START Available records
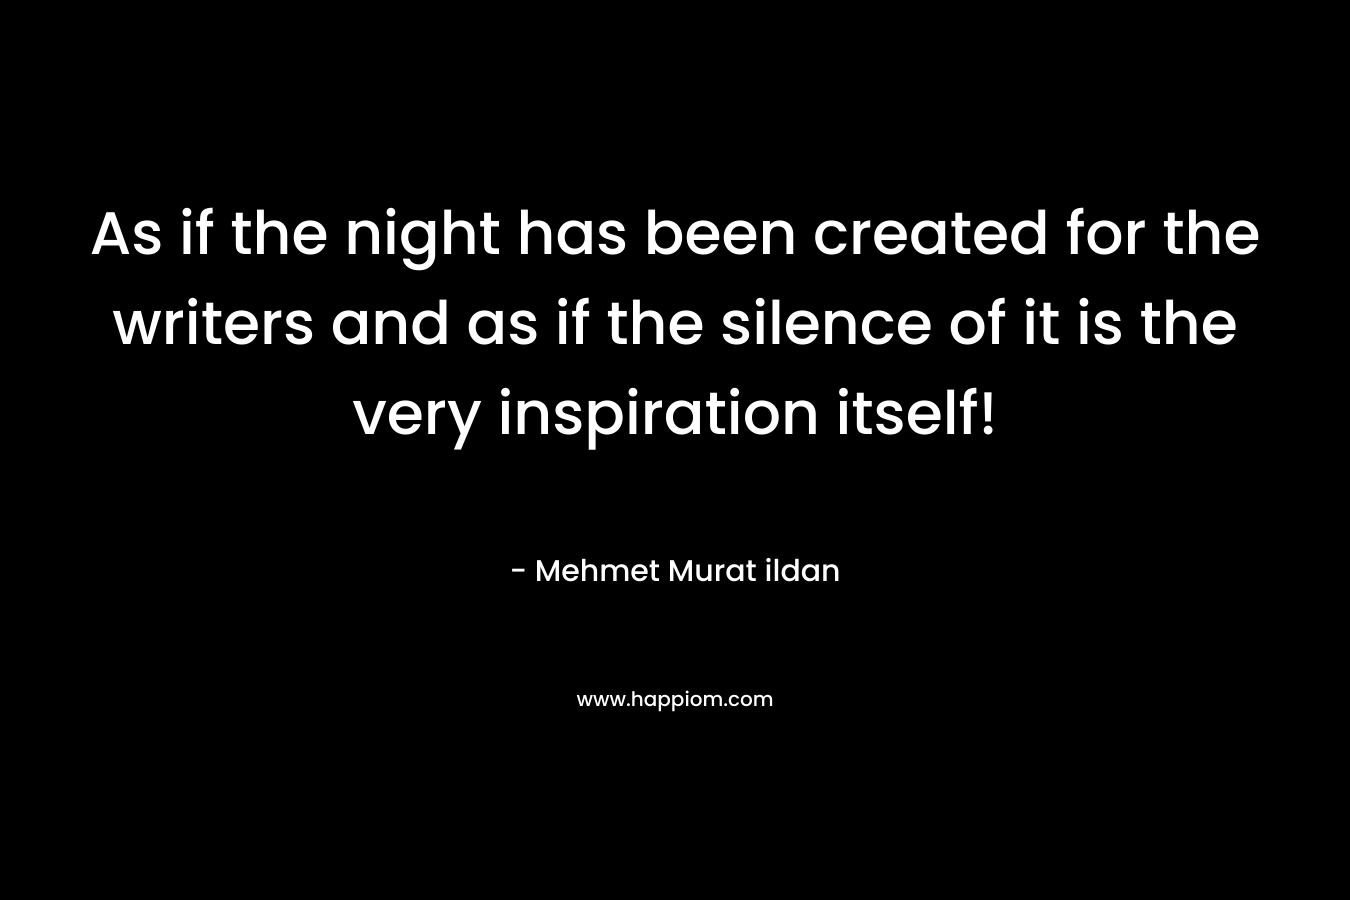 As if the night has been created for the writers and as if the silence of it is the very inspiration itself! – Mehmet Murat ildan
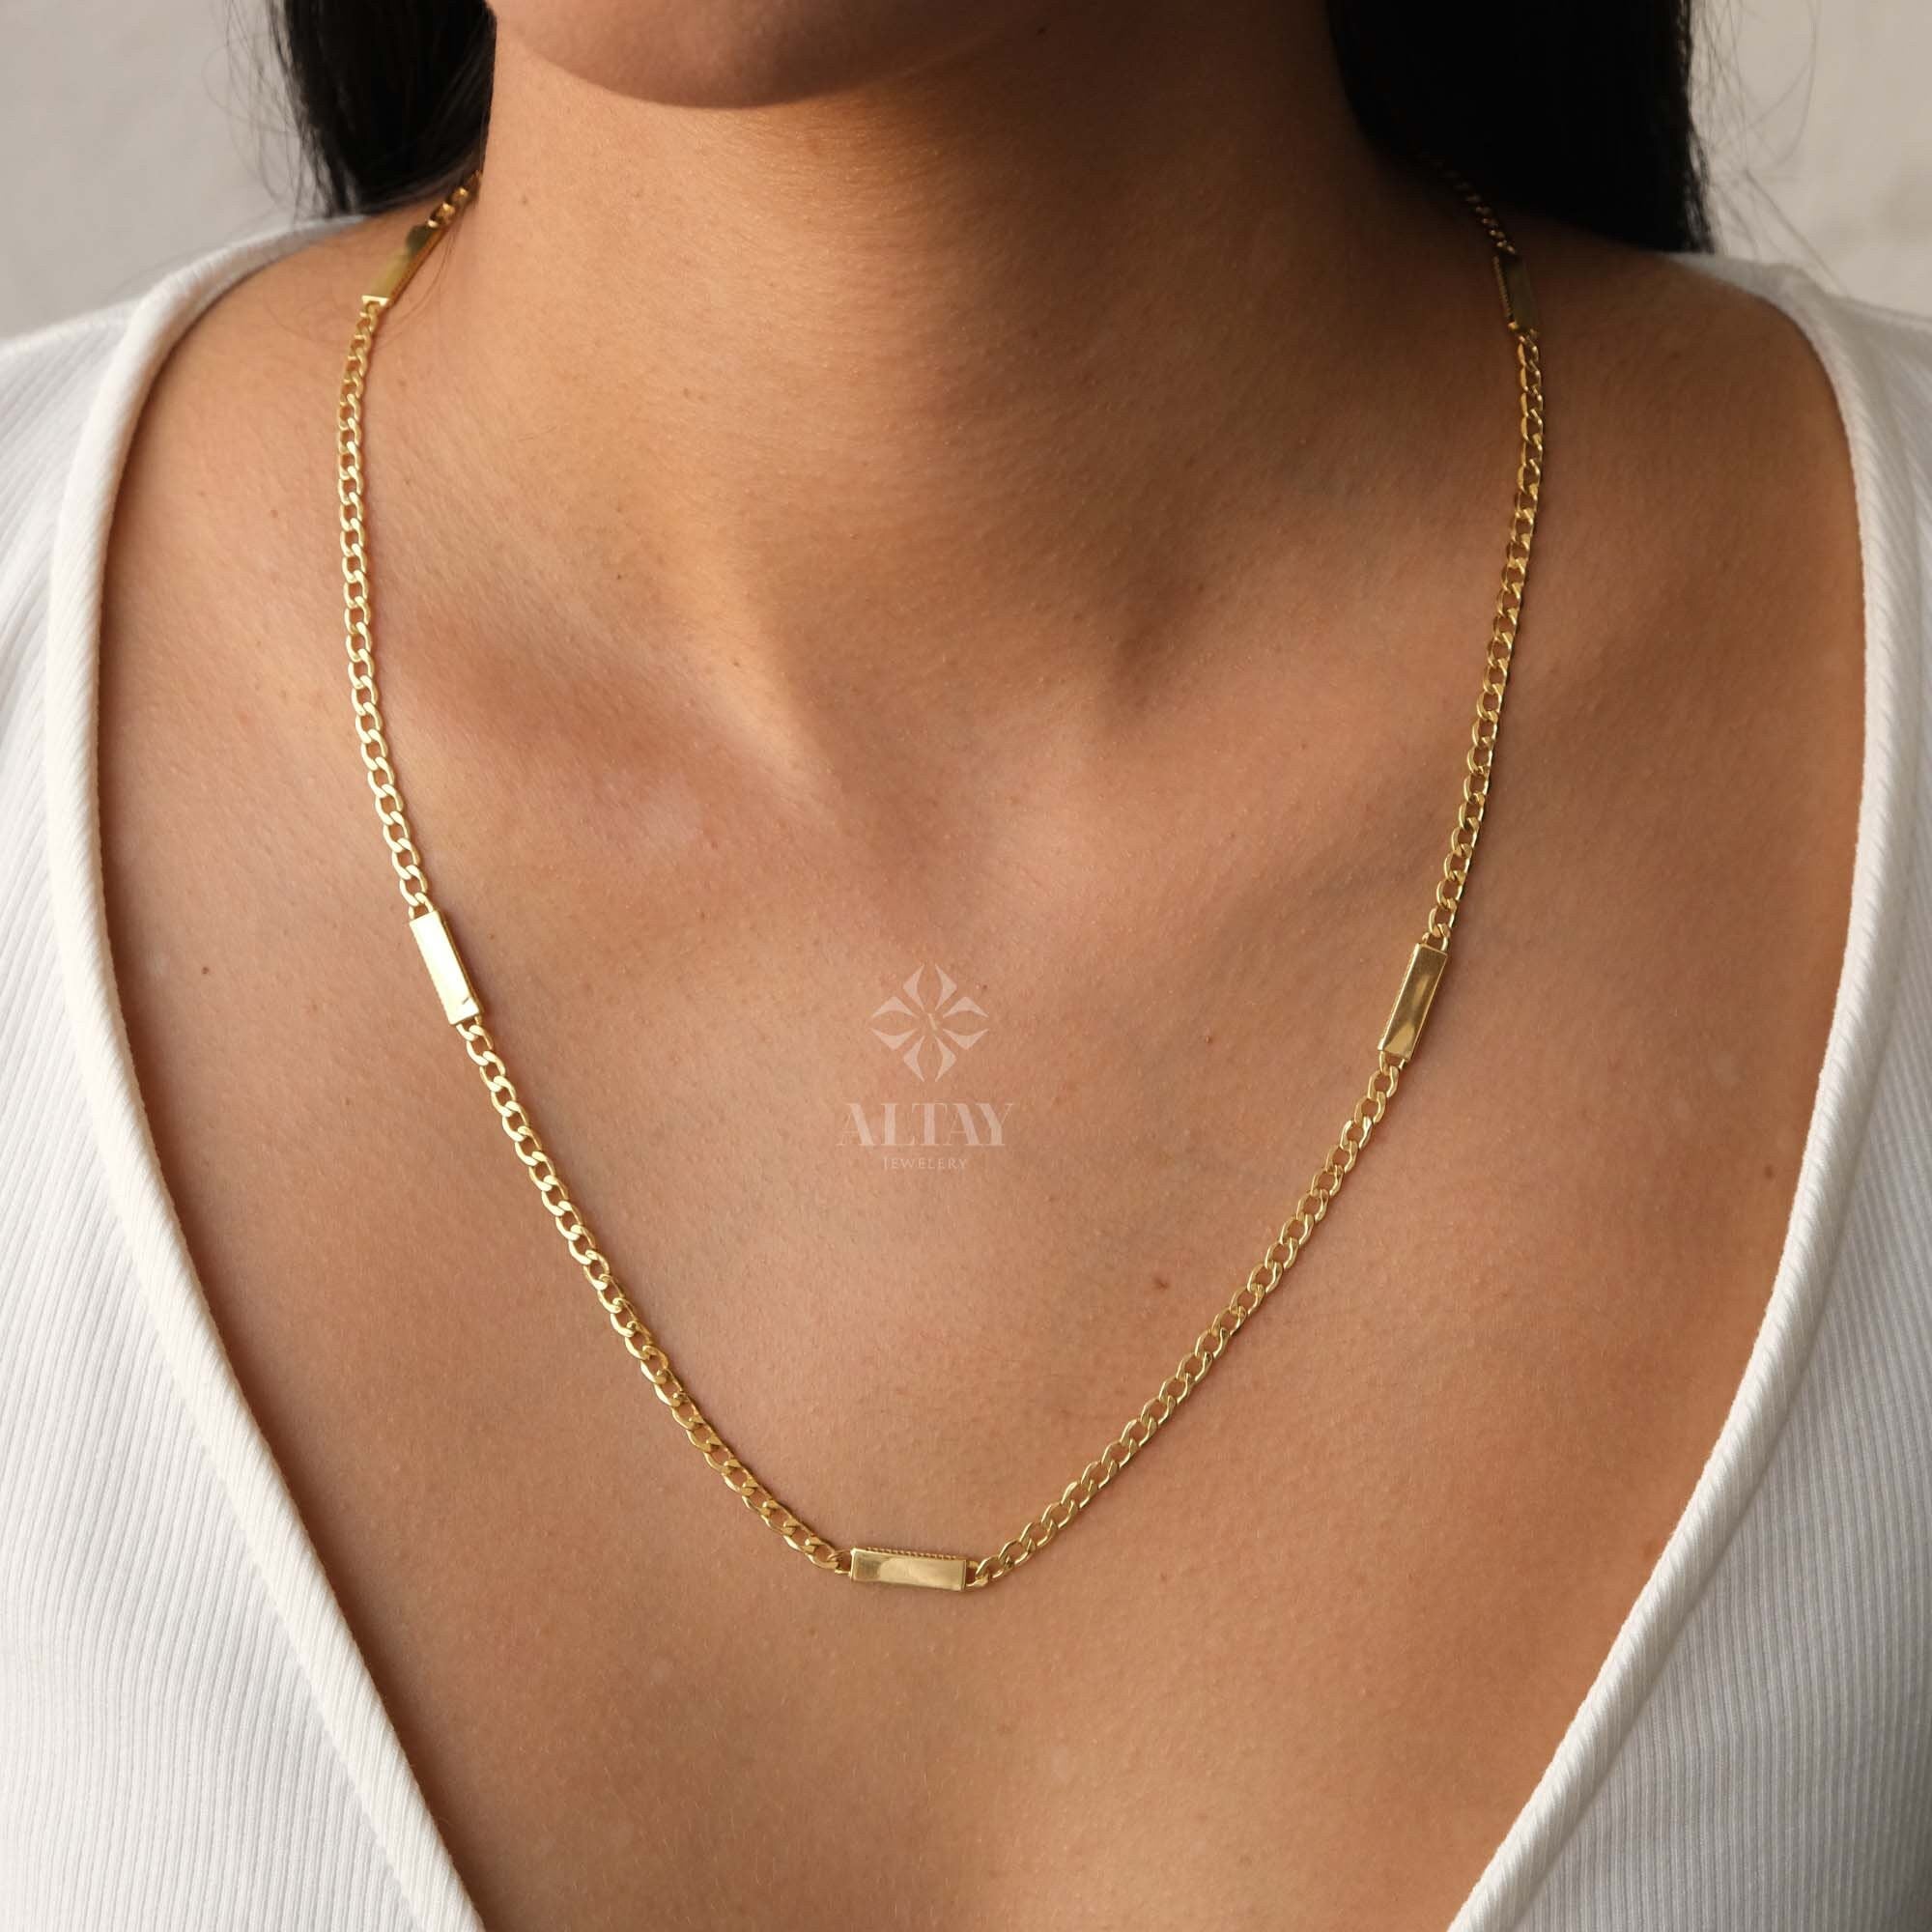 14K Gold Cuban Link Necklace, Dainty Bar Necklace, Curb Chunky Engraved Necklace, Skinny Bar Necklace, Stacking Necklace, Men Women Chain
END Available records
START Available records
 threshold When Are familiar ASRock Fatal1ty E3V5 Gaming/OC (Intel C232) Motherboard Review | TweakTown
END Available records
START Available records
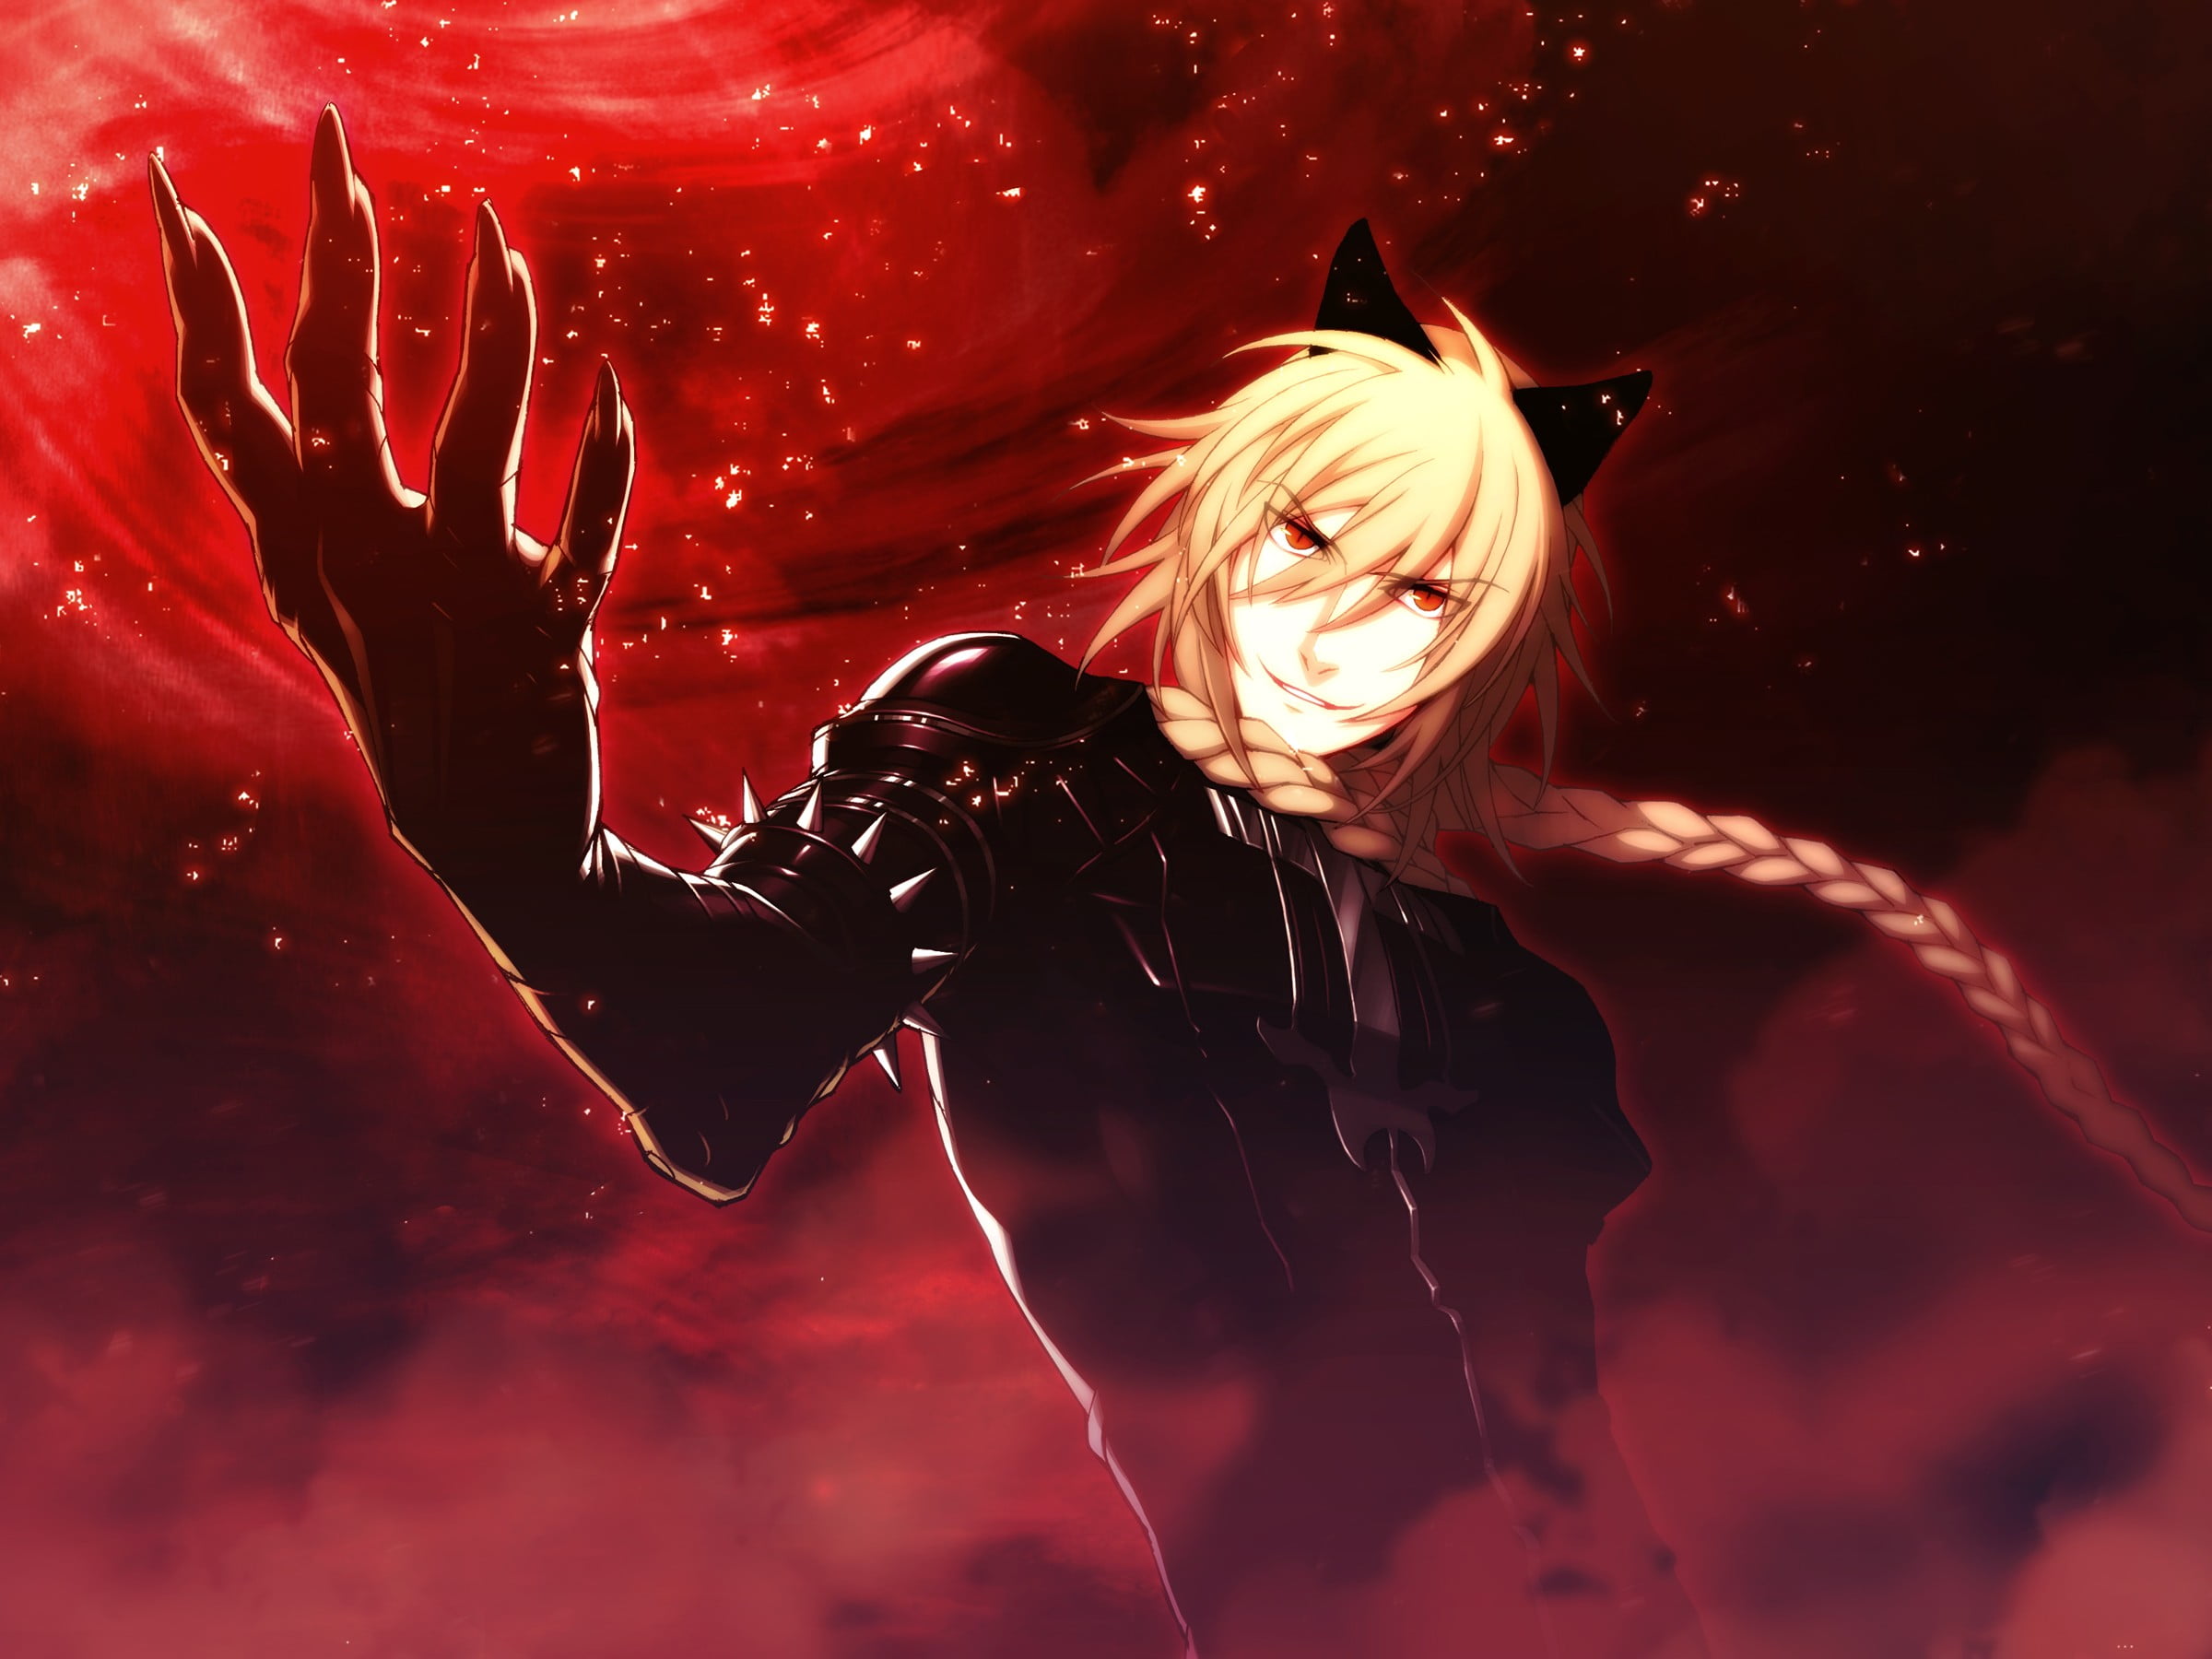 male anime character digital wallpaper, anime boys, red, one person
END Available records
-- Task goal --
Working from the records above, set down word for word everything from the line containing "As if the night" down to the line containing "14K Gold Cuban", ends included, minus the pictures.

-- Answer to the problem --
 As if the night has been created for the writers and as if the silence of it is the very inspiration itself! – Mehmet Murat ildan
 14K Gold Cuban Link Necklace, Dainty Bar Necklace, Curb Chunky Engraved Necklace, Skinny Bar Necklace, Stacking Necklace, Men Women Chain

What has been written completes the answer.